Obviously, this list is longer than can be done. I think we need to work together on how that works, if that's OK with you.
In the end, she asked me, "how do we handle this?" I looked at the list and couldn't think of a good reason why I couldn't get started on it. It won't all be done in a day, but there's no reason why the "quick and easy" ones can't be done every day, and why I can't get a start on the big ones (laundry and bills). So that's what I've committed to do.
I'm thrilled and scared. Time to put the activities where the fantasies have always been.
Just for the record, the list was entirely stuff I can do that makes her life easier. If that works out for her, at some point we'll have a talk about "treats" - she'll want to know what they are for me rather than having to guess... or I'll want her to know, but I would expect that to be a month or more away.
We didn't talk explicitly about casual "requests" or decision making - we covered that on Sunday and she read my notes on them and approved them.

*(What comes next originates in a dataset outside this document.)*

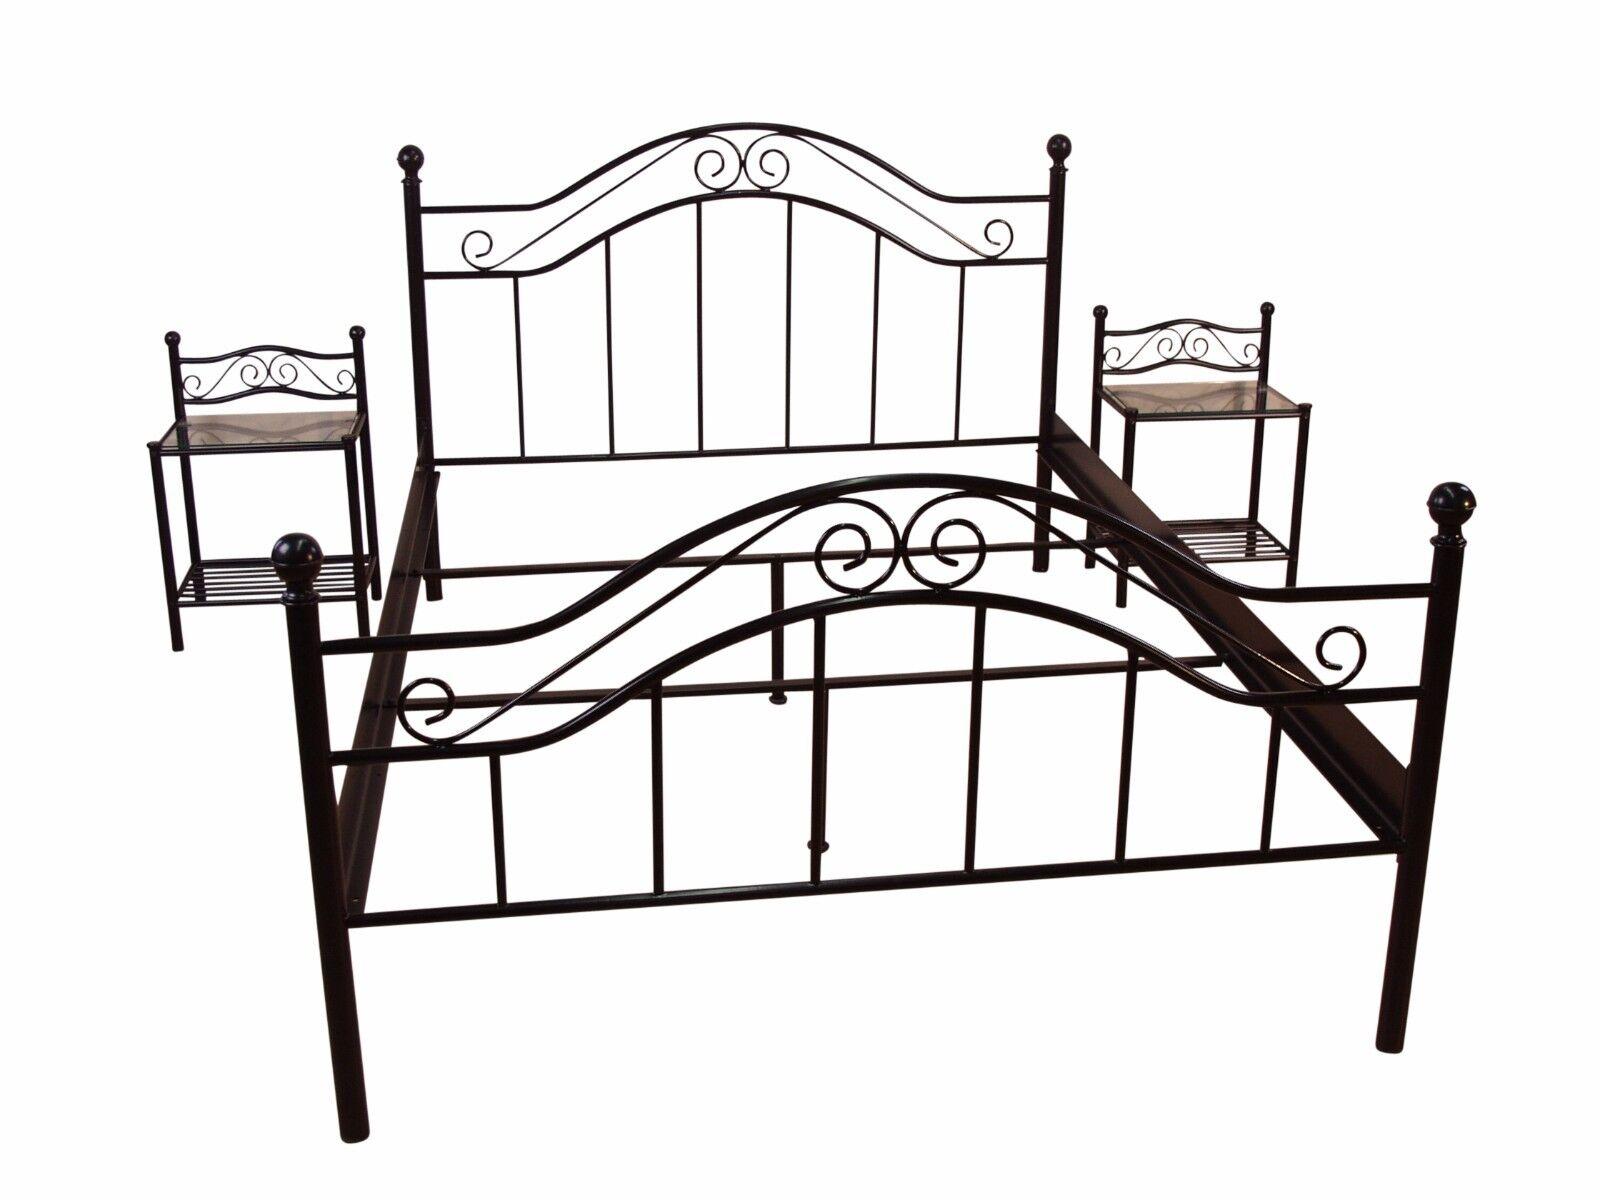 Metallbett schwarz 90x200  Metallbett schwarz 90x200 cm Bett romantisch Ehebett Doppelbett ...

So there was no big ceremony, no big symbolic thing. There was just me saying "So, we're doing this, right?" and her response, "Right." I think she's waiting to see what actually happens as well. I did mention that I'm probably not going to be 100% good at this initially, and that her feedback would be welcome. Also that I'd like to check in once or twice a week to see how this is going from her point of view. Aside from that, it should be "set it and forget it" for her.
So far the difference has been ... not much. Partly this is the "How would life be different if we had been doing this" question. Partly it's that not much has come up that needs to be done. And partly it's her waiting to see how this works out practically.
I think she was tired last night; I'm very insecure about all this and perceived her manner as "put upon" rather than intrigued, but we snuggled and talked a very little about this in the morning, and I expressed my gratitude. She seemed OK with that, maybe even good.
I owe Ms. Rika a big debt of thanks, and a book review. Her book and advice got us to the top of the hill and gave us the shove we needed. Now it's our responsibility to steer the sled....
Woooooshhh..... off we go!
2 comments:
Good Luck, be prepared to wait a while before you start to see any more positive feedback or acknowledgement from your wife. It sounds very much from what you have said about your wives recation so far, that in common with most wives, it may take your wife some time to grow into her new role within your relationship. As I have said before, don't get too hung up on your lists of chores, at the expense of showing your affection for your wife. And dont get disheartened if your wife still wants to do things. The most important thing is to make sure that your wife feels loved and adored, and that she can enjoy being in charge, not seeing it as a burden on herself.
Fingers crossed, just make sure that you stay on the "Piste".
At the risk of sounding too nosy, would you mind sharing the list? I'm always trying to find better ways of serving my Wife, and would love to compare notes.